I'm looking at a past paper for a course I'm doing at university, and there is always a question about C pointers.
I reckon I have a reasonable grasp of how they work, however this is the question that is confusing me:
Consider running the C program fragment:
int x[4] = {0,2,4,6};
int *y;
y = &x[2];
*(x + 2) = y[1] + 1;
What is the value of the expression *y afterwards?
(a) 2
(b) 4
(c) 5
(d) 7
(e) 8
Now, in the answers to said question, it says the answer is d.
I'm super confused, seeing as:
The value of x is not declared, so I'd have thought it would be impossible to evaluate x+2
y isn't an array, so how can y[1] be evaluated?
Why is 7 the correct answer here?
x is the 4-element array. *x references the first element in that array, and *(x + 2) references the 3rd element.
*y points at index 2 (3rd element) in the x array (y = &x[2])
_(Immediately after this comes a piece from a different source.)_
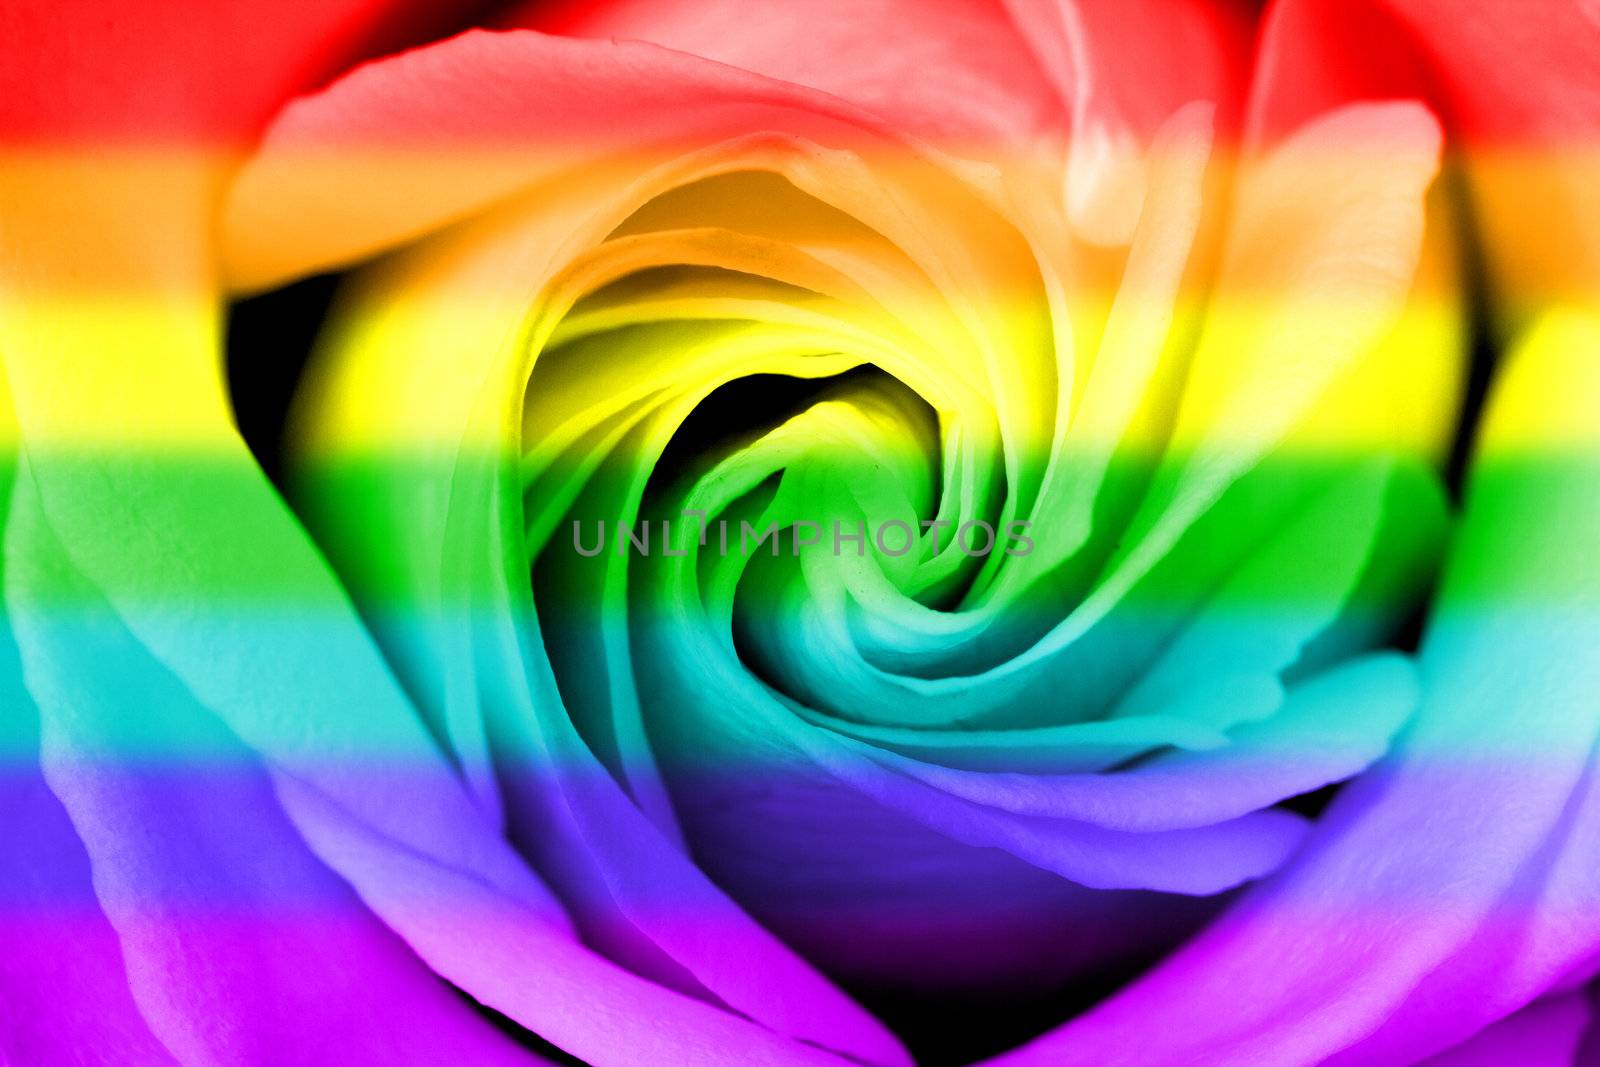 Rainbow flag rose by michaklootwijk

the final assignment sets the 3rd element of the original x array ( *(x + 2) ) to the value of y[1] + 1. since y is initialized to point at the 3rd element, y[1] will point at the final element of the original x array.
6 + 1 is assigned to the 3rd element of the x array, which *y refers to.
Things to note:
*(x + 2) is exactly the same as x[2].
&x[2] is exactly the same as &(*(x + 2)) which is the same as x + 2.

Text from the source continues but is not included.